The author has been described by News Ltd as an "iconoclast", "Svengali", a pollie's "economist muse", and "pungently accurate". Fairfax says he is a "Renaissance man" and "one of Australia’s most respected analysts." Stephen Koukoulas concludes that he is "85% right", and "would make a great Opposition leader." Terry McCrann claims the author thinks "‘nuance’ is a trendy village in the south of France", but can be "scintillating" when he thinks "clearly". The ACTU reckons he’s "an enigma wrapped in a Bloomberg terminal, wrapped in some apparently well-honed abs."

Friday, November 25, 2011

The RBA is releasing price-sensitive information in a non-public, discriminatory way

I have privately mentioned this to the RBA on several occasions, but while the will to remedy the problem appears to exist, nothing has yet been done.

The bottom line is that every time the Governor or Assistant Governors give speeches, they follow-up with crucial Q+A sessions. Often during these Q+A sessions they make remarks about the setting of monetary policy (eg, Guy Debelle's comments on the level of mortgage rates this week), or the current growth pulse in the Australian economy (Glenn Stevens last night), or the magnitude of the inflation pressures we face (too many to remember). These remarks can have immediate effects on SFE-traded government bond, bank bill, and interbank prices, and, of course, the currency. Often the market moves are dramatic if the RBA official makes an especially revealing observation.

Currently, the RBA's media office releases the text of the formal speech live, but only follows-up with the Q+A recording and transcript many hours, if not a day, later.

This is a serious market integrity problem. It means that anyone sitting in the audience--often economists reporting back to their trading desks--has access to highly price sensitive information ahead of the rest of the market.

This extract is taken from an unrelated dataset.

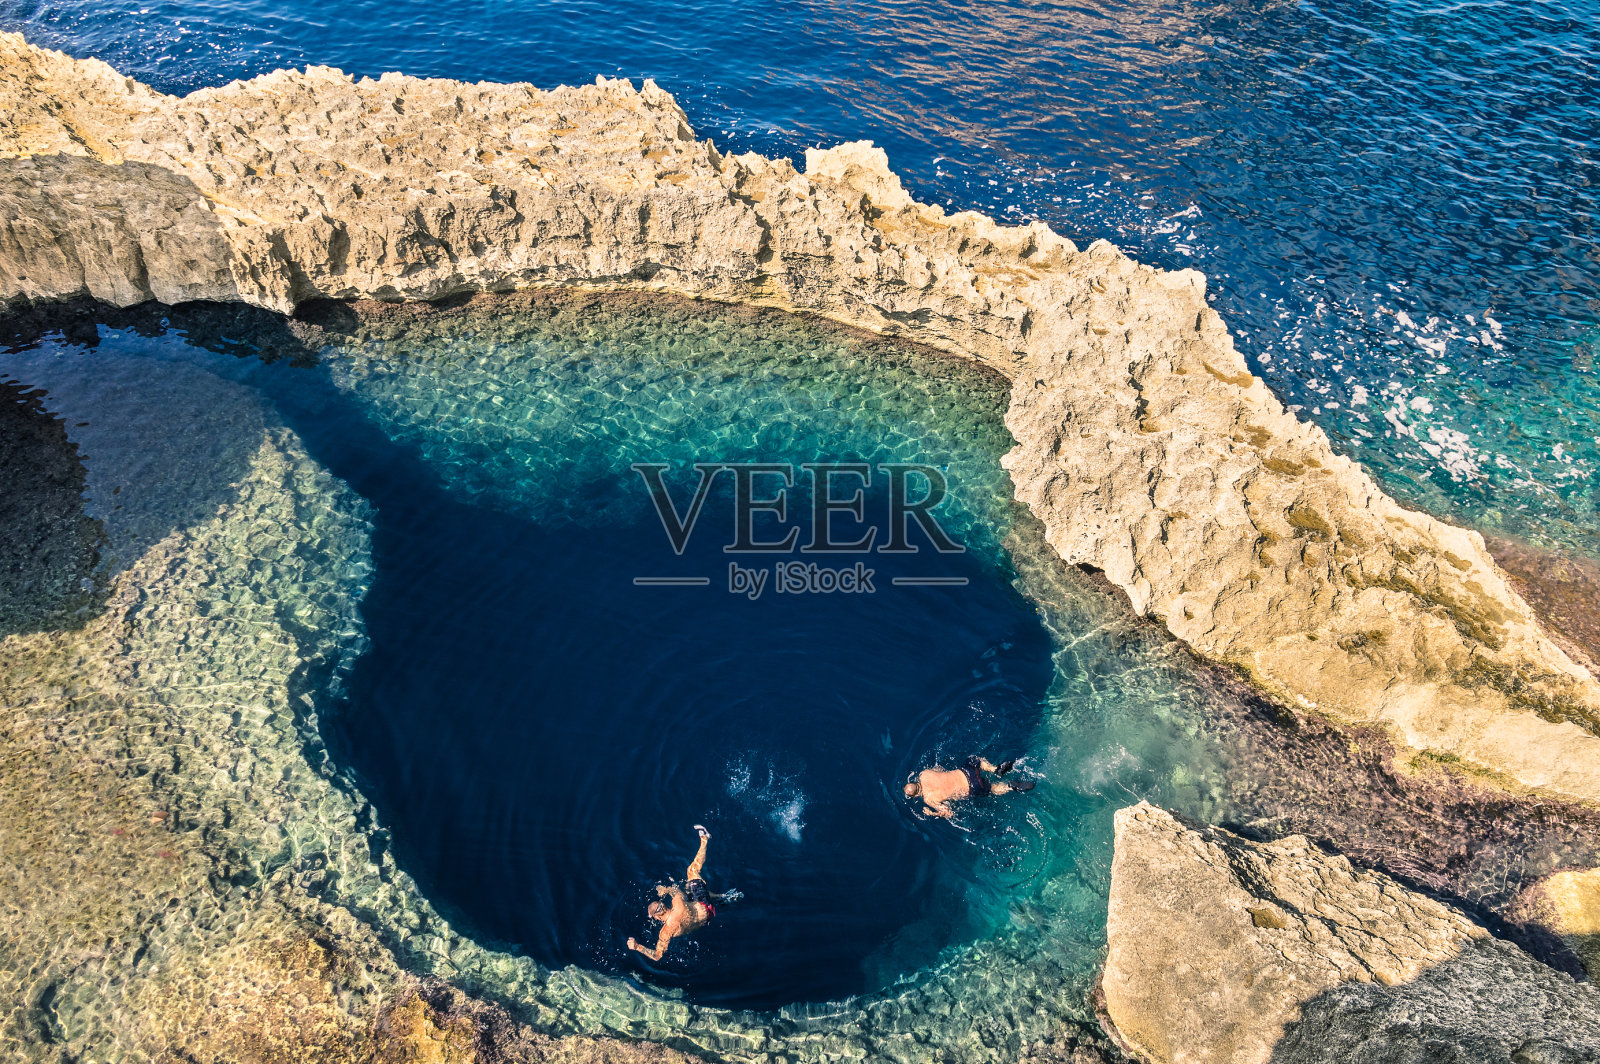 马耳他戈佐岛蔚蓝之窗的蓝洞照片摄影图片
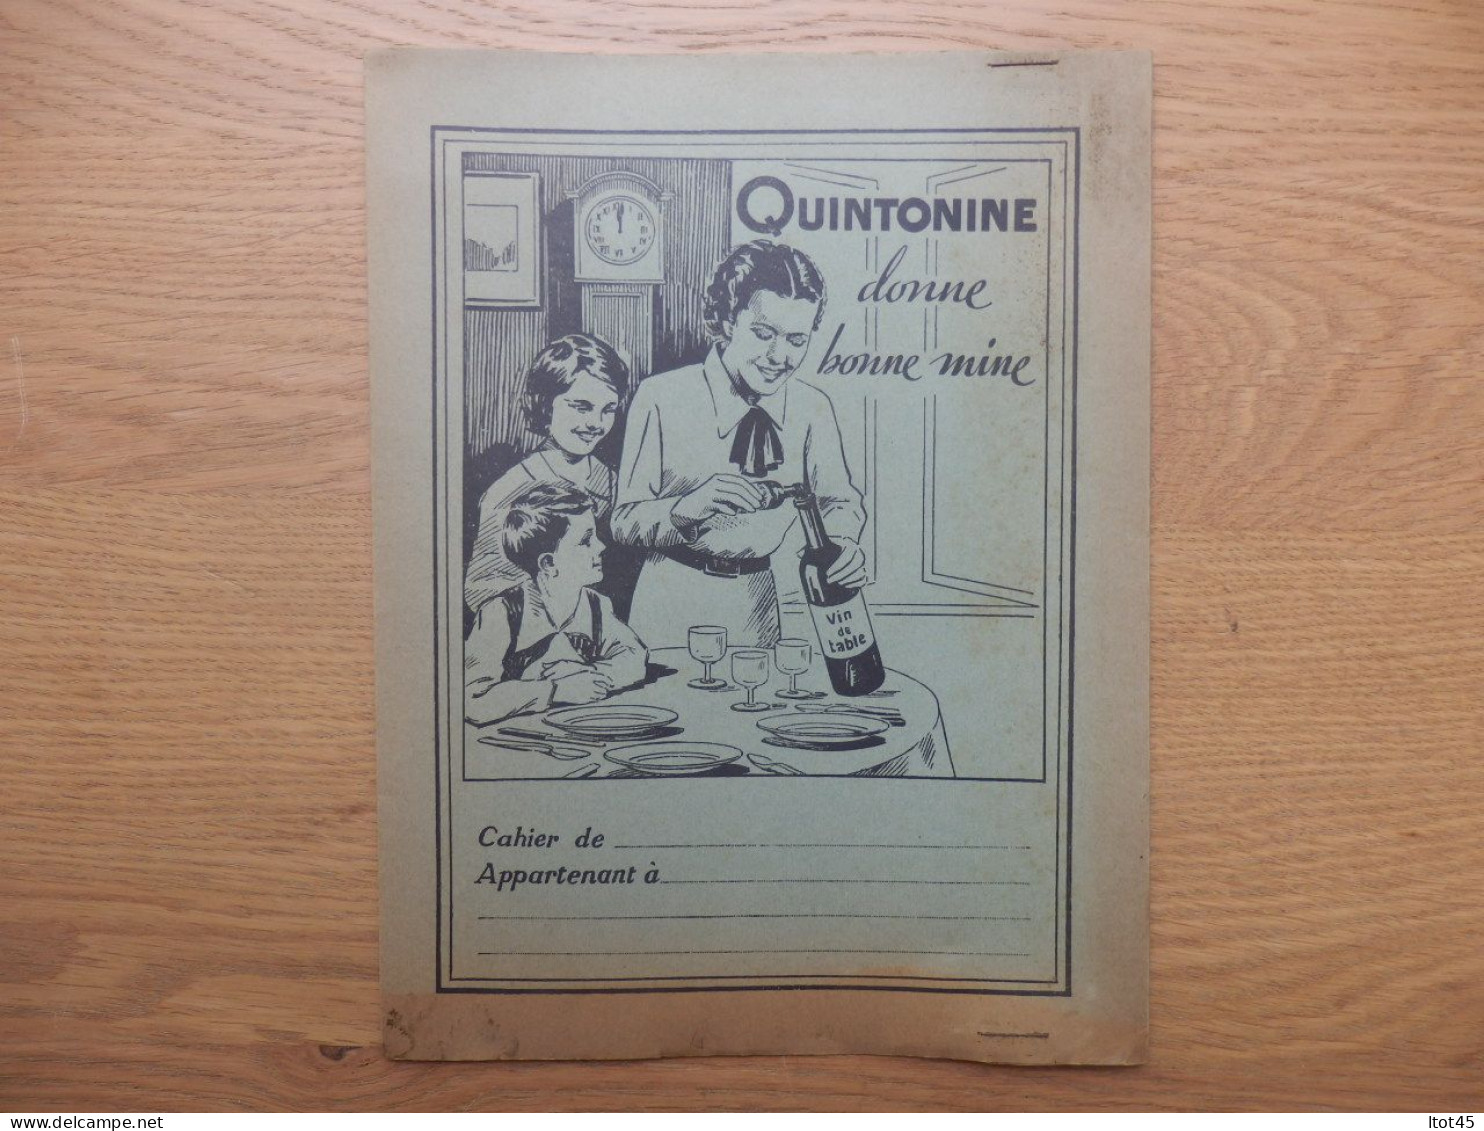 PROTEGE-CAHIER QUINTONINE DONNE BONNE MINE - Book Covers

Sometimes Bloomberg will video the speech and Q+A, but only on an ad-hoc basis. And this is only available to Bloomberg subscribers. Further, to the best of my knowledge, it is not possible to access a recording if you miss the video. Again, Dow Jones and Reuters often provide their subscribers with a headline on any significant comment, but they frequently omit crucial remarks, and supply only a truncated version of the text.

The simple solution, which, I think, regulators like ASIC should force the RBA to comply with given they're not prepared to do so of their own volition, is that when an official gives a speech with a scheduled Q+A session, the RBA brings its own small video camera and streams (and records) the session live over the internet.

This is so easy to do it is not funny. And it is a joke that the RBA has not got a fix. It makes both the RBA and ASIC look bad. It is lazy and gives huge informational advantages to a very select group of market participants.